What Does a Transcoder Look Like?

At this point, we have all the tools to understand how a transcoder works.
As mentioned earlier, a transcoder is a trainable representation.
It consists of two sequential transformations:

\[ z_{TC}(x) = ReLU(W_{enc} x + b_{enc}) \]

\[ TC(x) = W_{dec} z_{TC}(x) + b_{dec} \]

Here \(W_{enc}, W_{dec}\) are trainable feature matrices, obtained by minimizing the following loss function:

\[ L_{TC}(x) = \|MLP(x) - TC(x)\|_2^2 + \lambda_1 \|z_{TC}(x)\|_1 \]

• The first term enforces accuracy of approximation to the original MLP.
• The second term enforces sparsity of activations.

Interpretable Features

As a result, each interpretable feature \(i\) is associated with two vectors:

• \(f^{i,l}_{enc}\) — the \(i\)-th row of the encoder matrix \(W_{enc}\),
• \(f^{l,i}_{dec}\) — the \(i\)-th column of the decoder matrix \(W_{dec}\).

In words:
a transcoder is a sparse approximation of the MLP.

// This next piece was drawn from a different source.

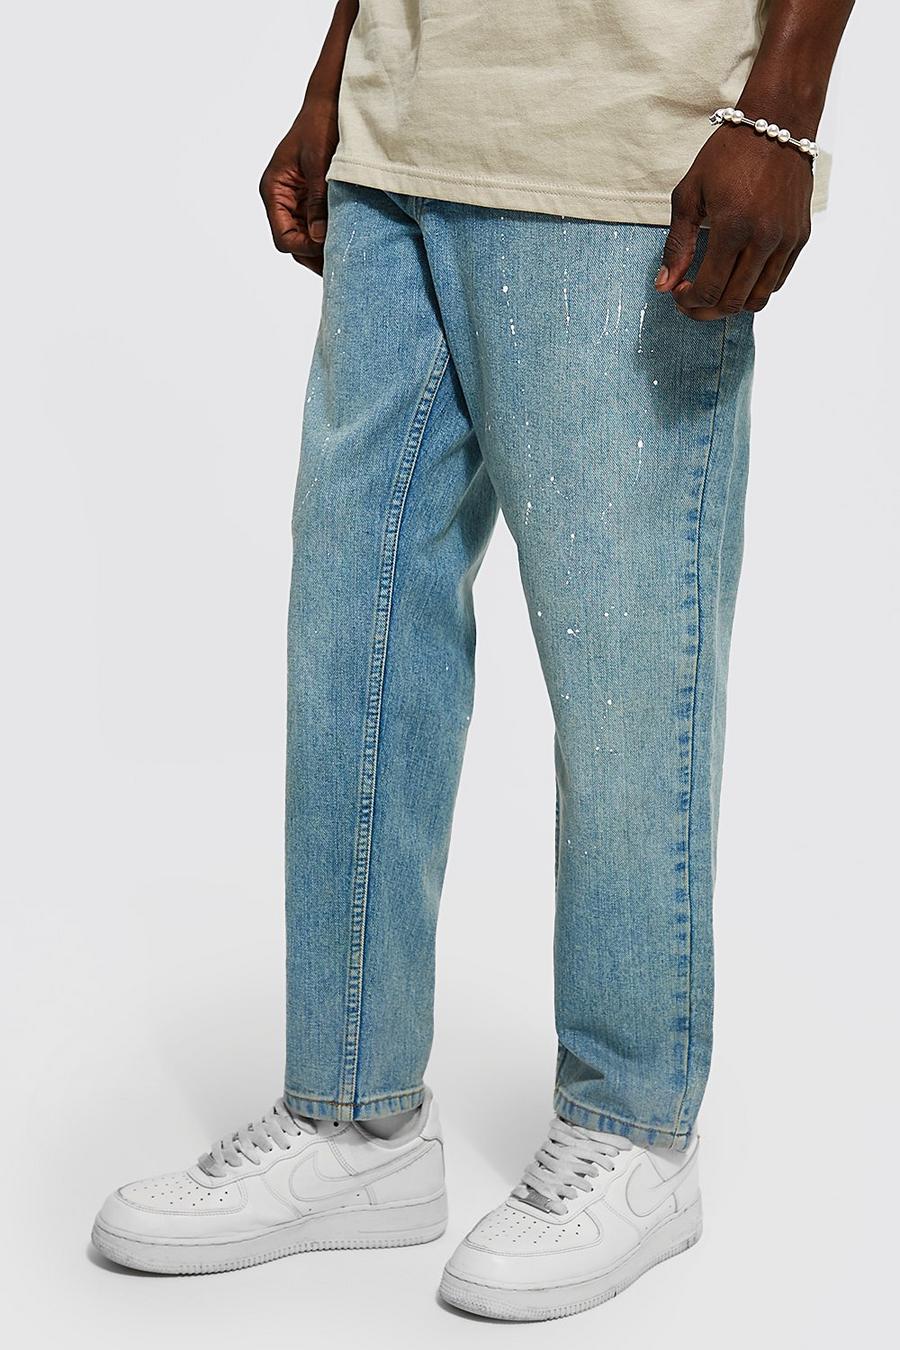 Schmale Jeans mit Farbspritzern, Antique blue
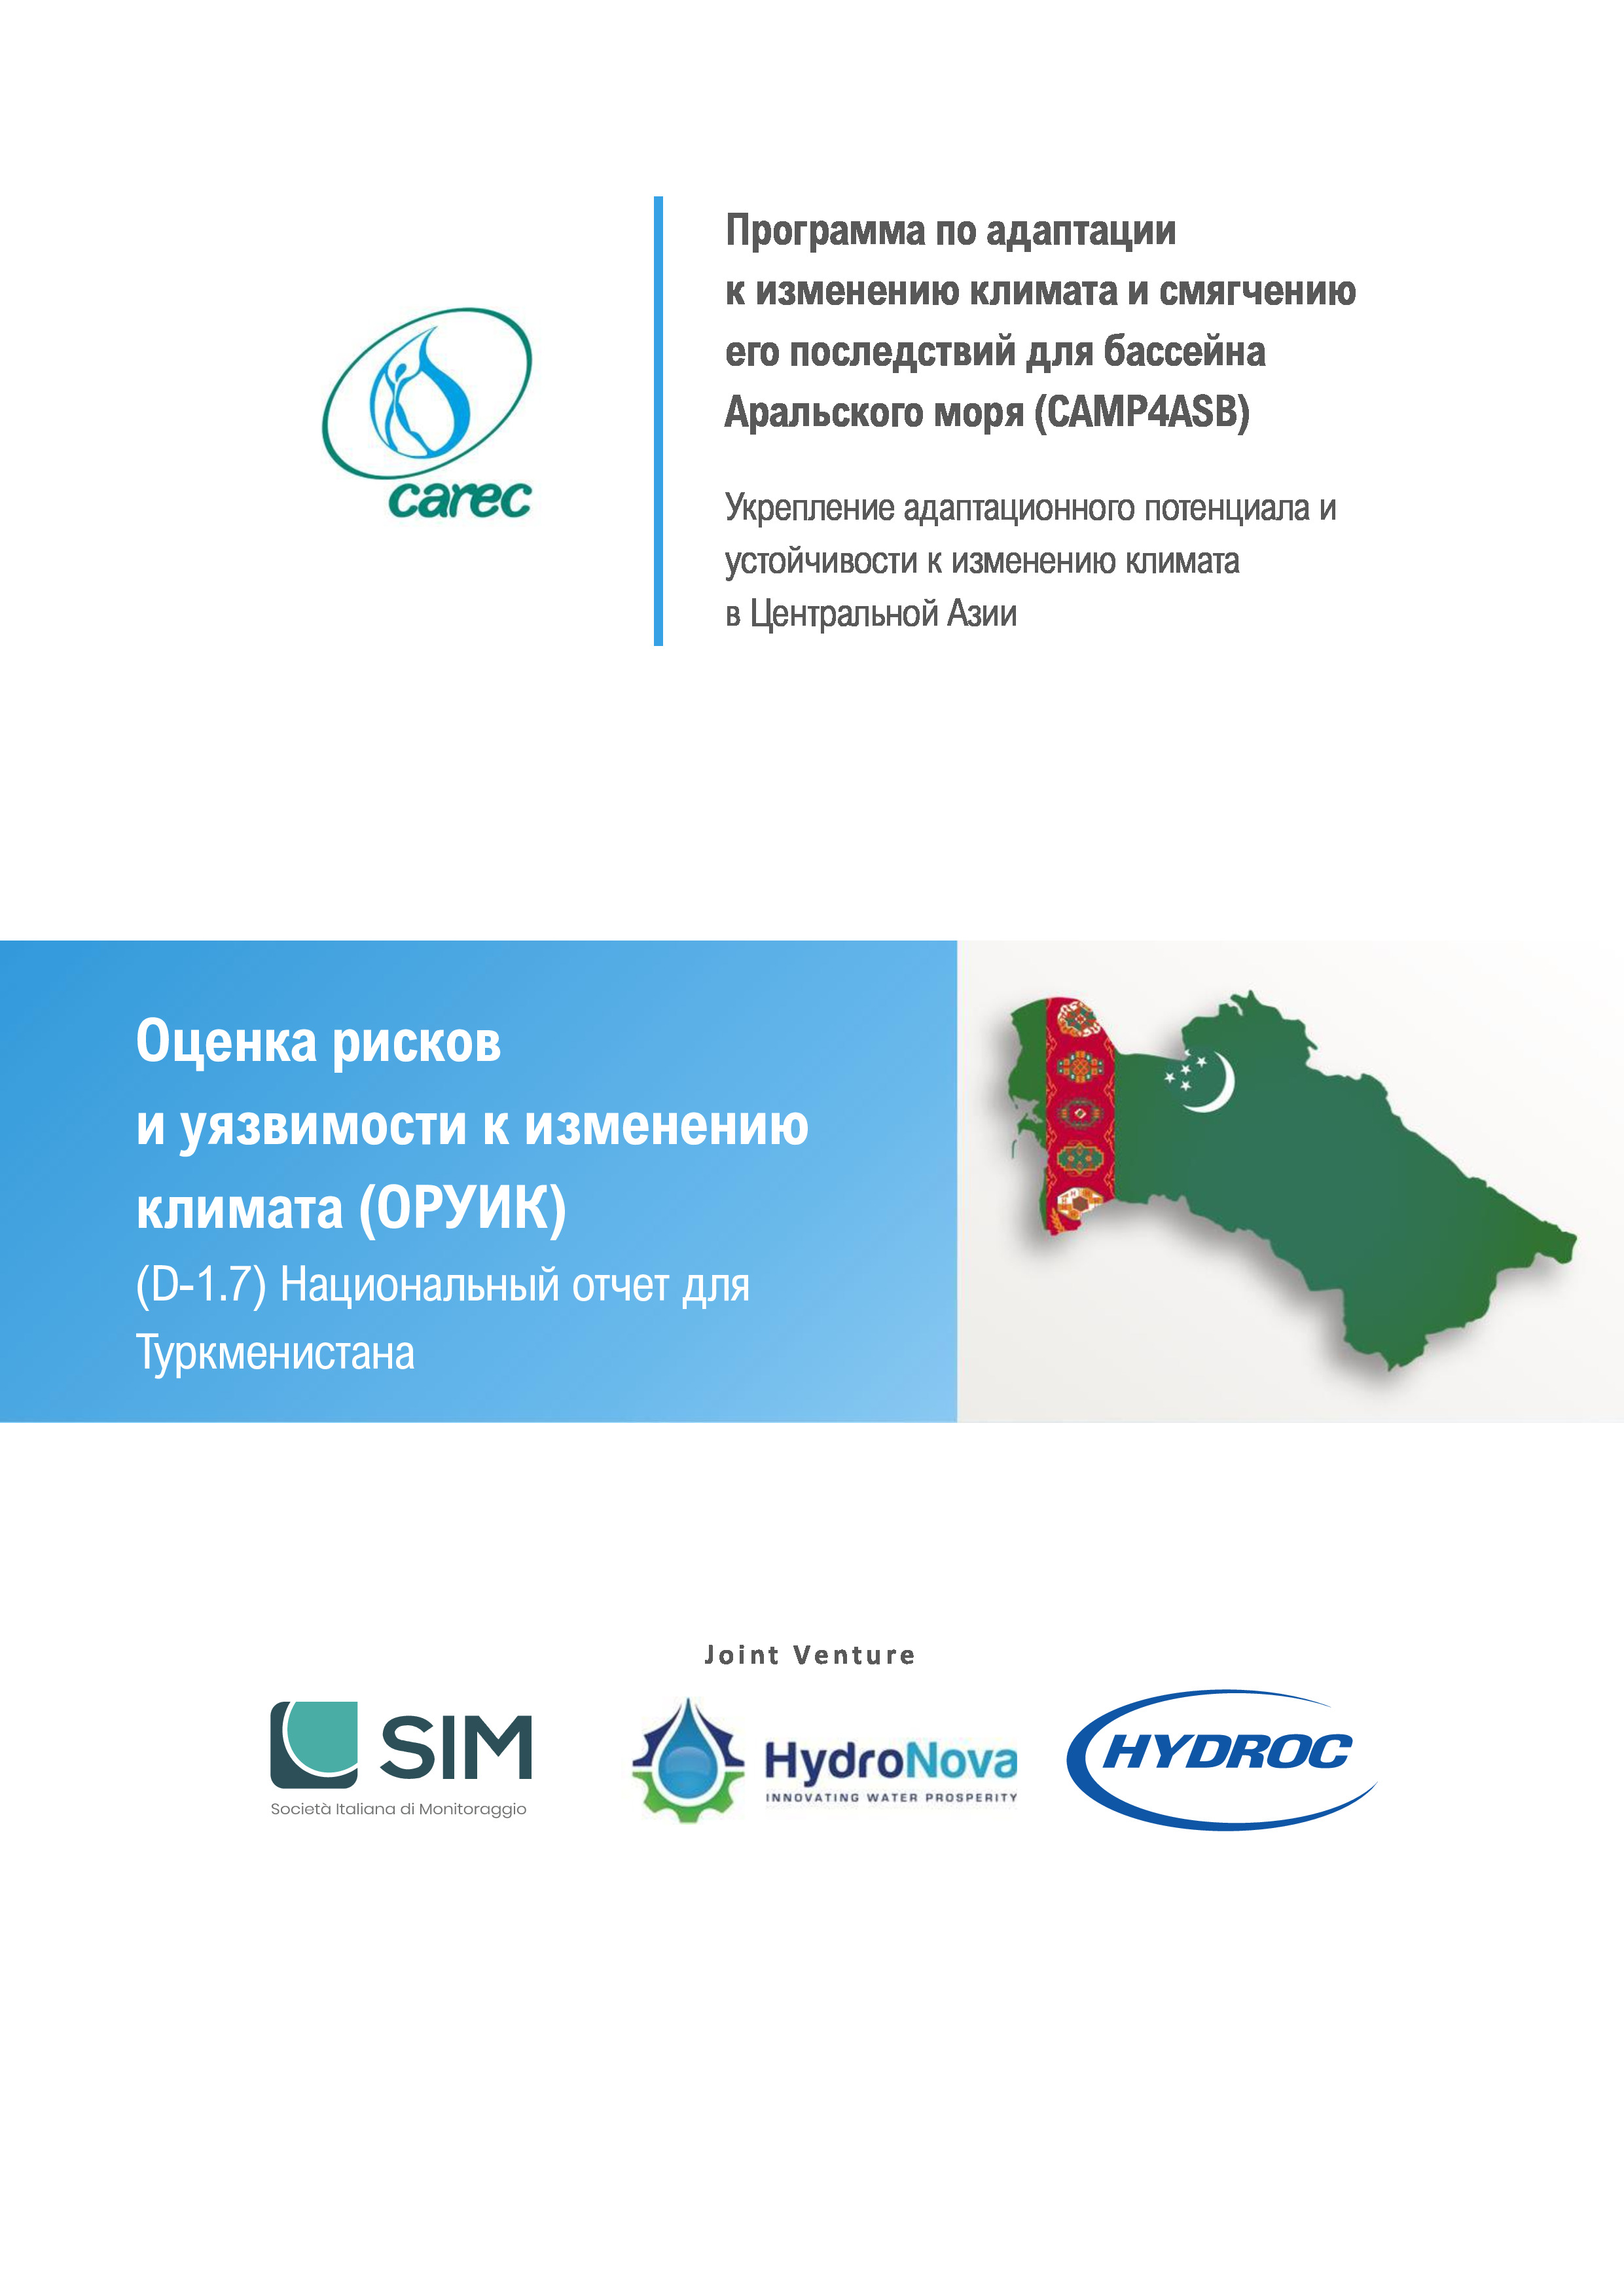 Оценка рисков и уязвимости к изменению климата (ОРУИК). Национальный отчет для Туркменистана, 2021

Relation to Transformer Updates

Recall the embedding state update in the Transformer:

\[ x^{l+1, t}_{pre} = x^{l, t}_{mid} + MLP^l(x^{l, t}_{mid}) = x^{l, t}_{mid} + MLP^l\Big(x^{l, t}_{pre} + \sum_h attn^{l, h}(x^{l, t}_{pre}, x^{l, 1:t}_{pre})\Big) \]

The transcoder, during training, approximates the MLP part:

\[ MLP^l\Big(x^{l, t}_{pre} + \sum_h attn^{l, h}(x^{l, t}_{pre}, x^{l, 1:t}_{pre})\Big) \]

Thus, the embedding update can be rewritten approximately as:

\[ x^{l+1, t}_{pre} \approx x^{l, t}_{mid} + TC^l(x) \]

Circuits Between Layers

The goal of transcoders is not only to decompose the MLP into interpretable features,
but also to construct circuits between these features.

By definition, for two transcoders at layers \(l\) and \(l' > l\),
the contribution of feature \(i\) at layer \(l\) to the activation of feature \(i'\) at layer \(l'\) is:

\[ z_{TC}^{(l,i)}(x_{mid}^{(l,t)}) \cdot \big(f_{dec}^{(l,i)} \cdot f_{enc}^{(l',i')}\big) \]

where:

• \(f^{i, l'}_{enc}\) — the \(i\)-th row of the encoder matrix \(W_{enc}\) at layer \(l'\),
• \(f^{l,i}_{dec}\) — the \(i\)-th column of the decoder matrix \(W_{dec}\) at layer \(l\),
• \(z_{TC}^{(l,i)}(x_{mid}^{(l,t)})\) — a scalar reflecting the activation of feature \(i\) at layer \(l\) for token \(t\).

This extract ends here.